不定期航空会社、つまりチャーター便運航会社の結果は前年比5%増を示しており、直近3か月間の合計は2019年12月から2020年2月の利用率を39%上回りました。
4つのオペレータークラスの中で最大である法人オペレーターの総時間は、最近の3か月間で
88万時間にわずかに満たず、2022年12月から2023年2月までと比べてわずか1%低いものの、2019年から2020年の同時期と比べて22%増加しました。

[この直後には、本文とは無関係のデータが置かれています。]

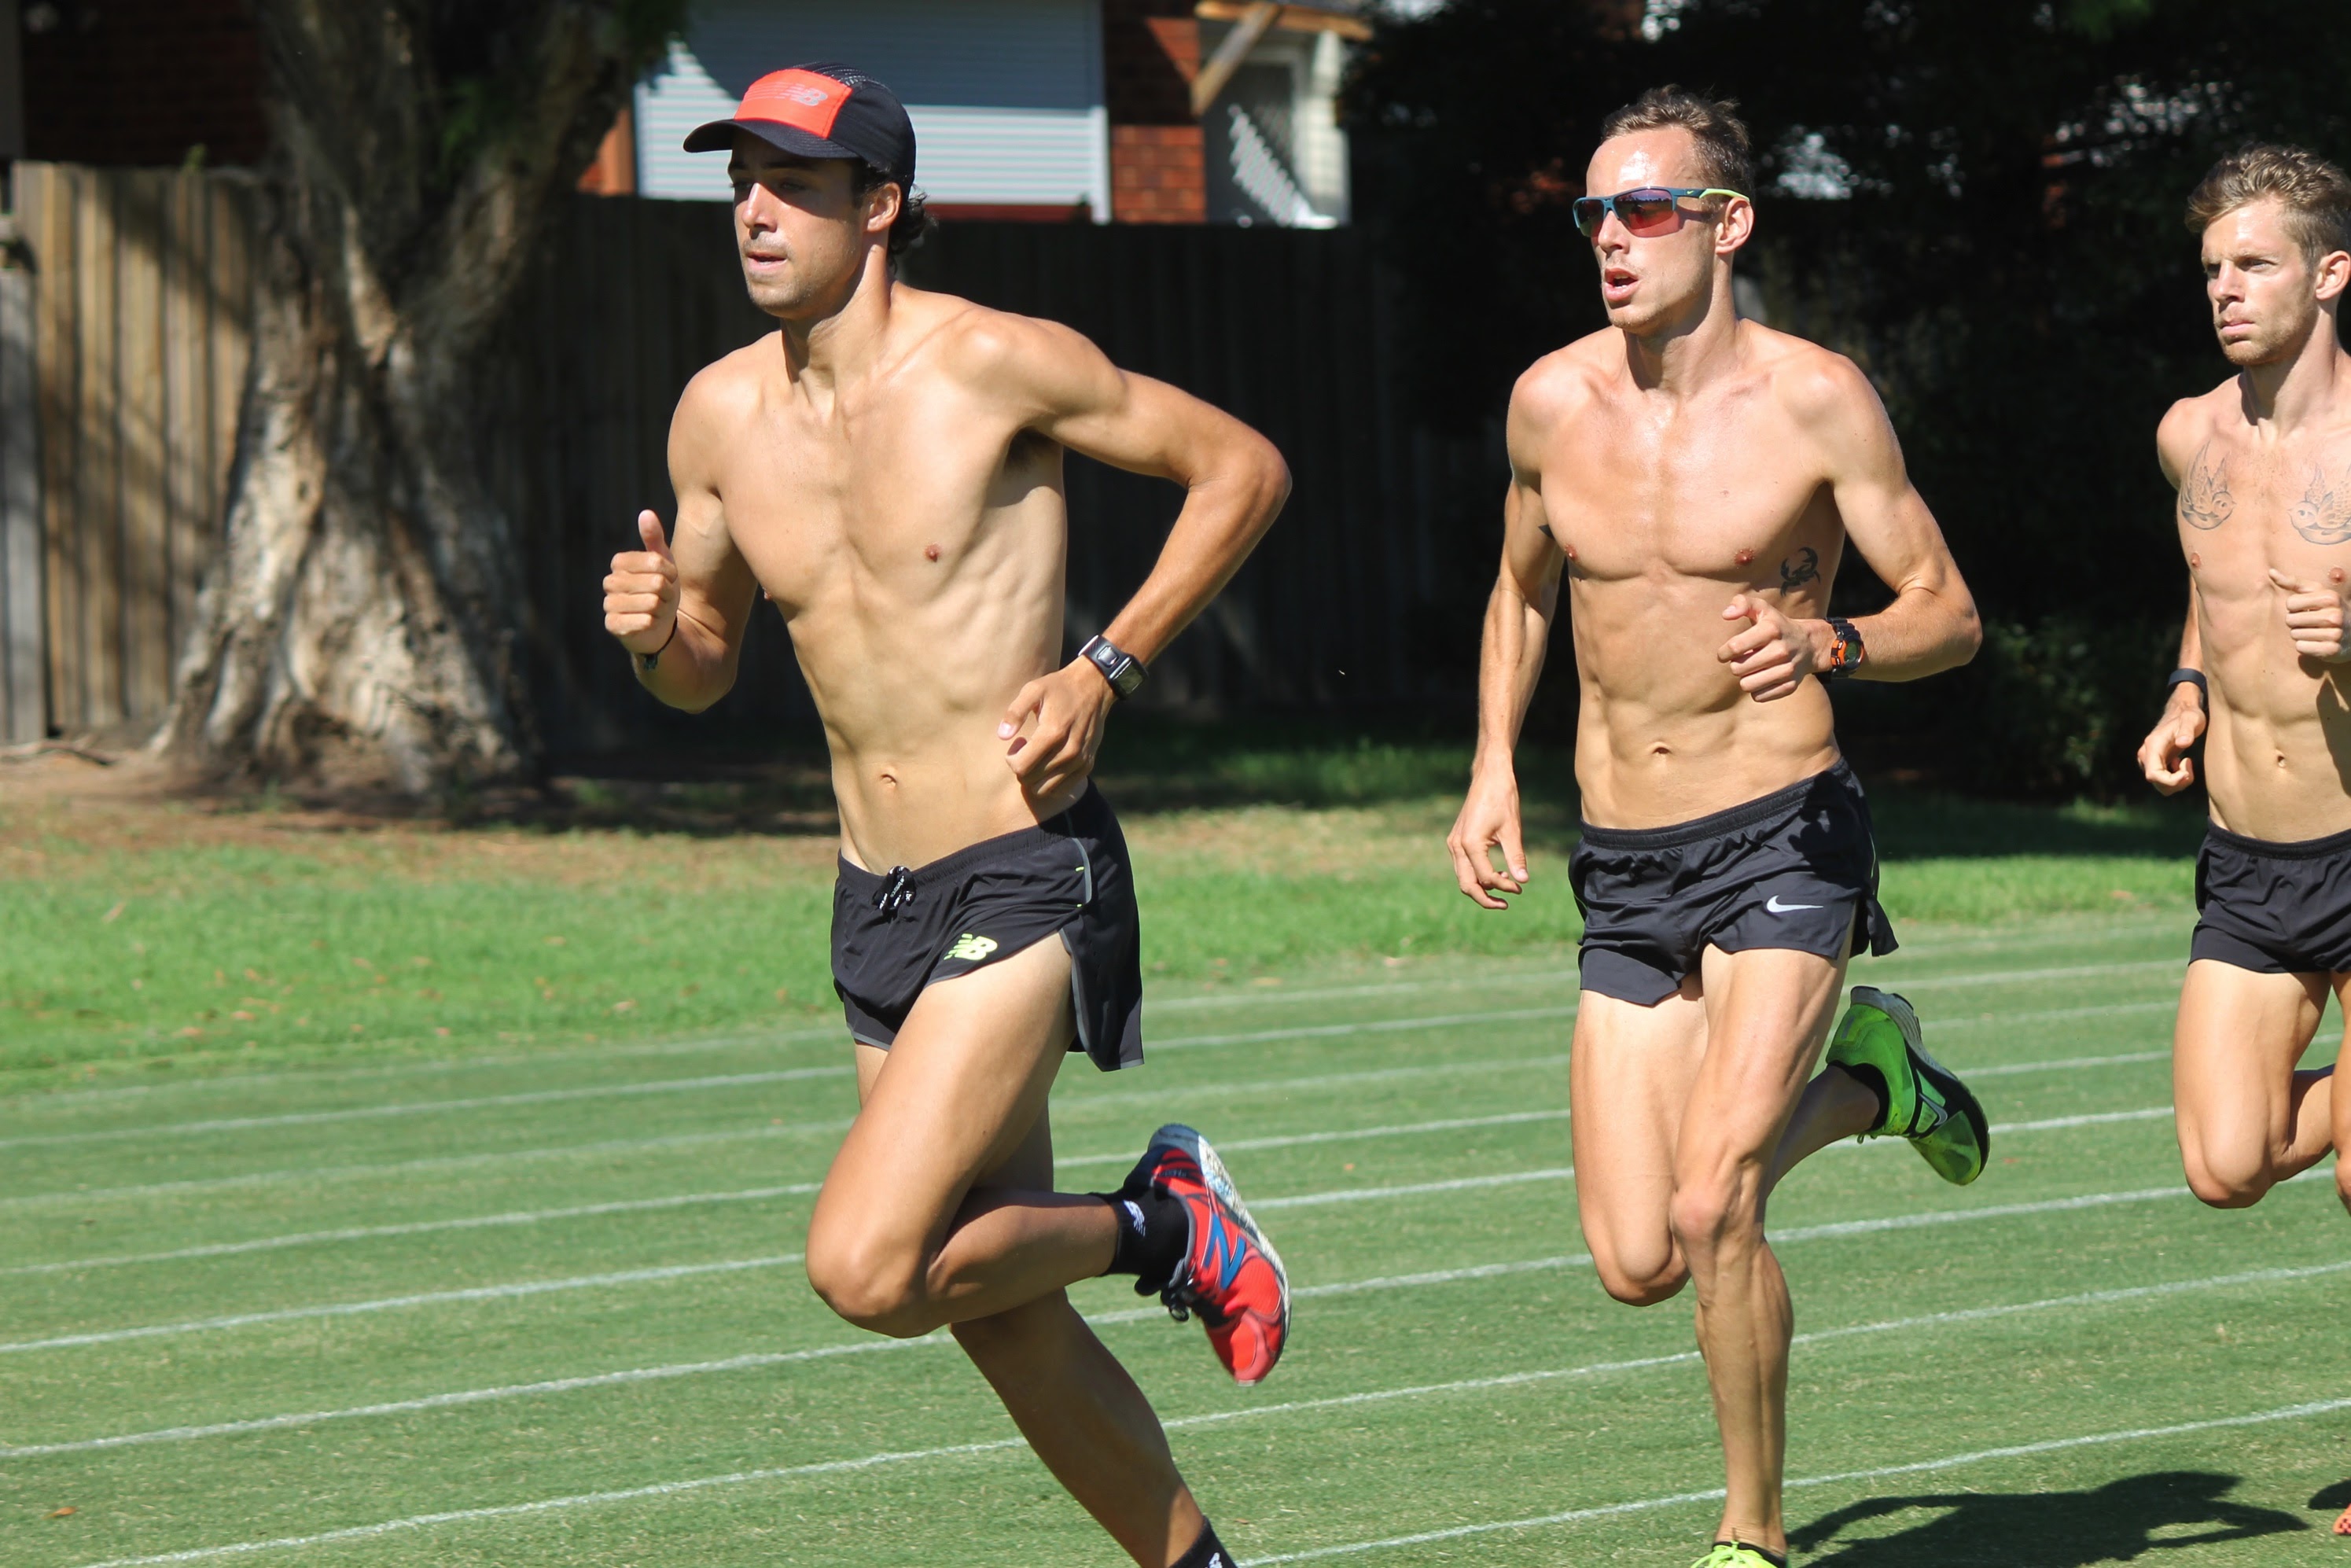 Luke Mathews, Ryan Gregson and Brett Robinson at MTC training session in Melbourne earlier this year: Photo by RT

利用率の変化、事業者クラスの場合:1時間当たりの利用率の集計の比較
以上のように世界中で航空需要が高まり、一層パイロット不足が深刻化しています。
2025年は北米を中心に高需要を維持すると予想されますが、今後は中東、東南アジアを中心に需要が高まると予想されています。
それに伴い、パート91のように訓練機の需要が予想されます。そしてそれは、安価なプロペラ機のLSA(軽スポーツ航空機)が主流となるでしょう。
また、航空業界にとって良いニュースは、中東紛争(イスラエルvsガザ)、ウクライナ戦争の終結など、明るい兆しも見えています。
一方、日本はどうでしょう?インフレが進み、物価高騰や円安によって経済成長が鈍化して
いる中、貧富の格差は広がるばかりです。ハワイ路線を例に取ると、ビジネスクラスは満席
ですが、エコノミークラスはガラガラな状態。ANAのA380やジップ(JALの子会社)もハワイ路線を運休、もしくは間引き運行しています。
また、日本の航空会社(レガシー、LCC共)は、インバウンド需要に十分対応できていません。
空港関連もしかり。3月から福岡空港の2本目の滑走路が運行開始となりますがそれでも2割増しの交通量しかさばけません。
成田空港、中部空港も新滑走路の建設が進んでいますが、用地買収や予算などの問題が山積で思うように進んでいません。
今年4月から始まる大阪万博、地元の騒音問題で関西空港、神戸空港とも効率の良い運用ができていないため、インバウンド需要をどれだけ取り込めるかは不透明です。
日本の航空行政は、政府主導の要素が強く、民間の力を活用しづらい構造になっていることも原因で発展が遅れています。せっかくのチャンス(観光立国)を逃してしまっています。
大胆な規制緩和が必要なときが来ています。
それでは今日はこの辺で・・・
またお会いできる日を楽しみにしています。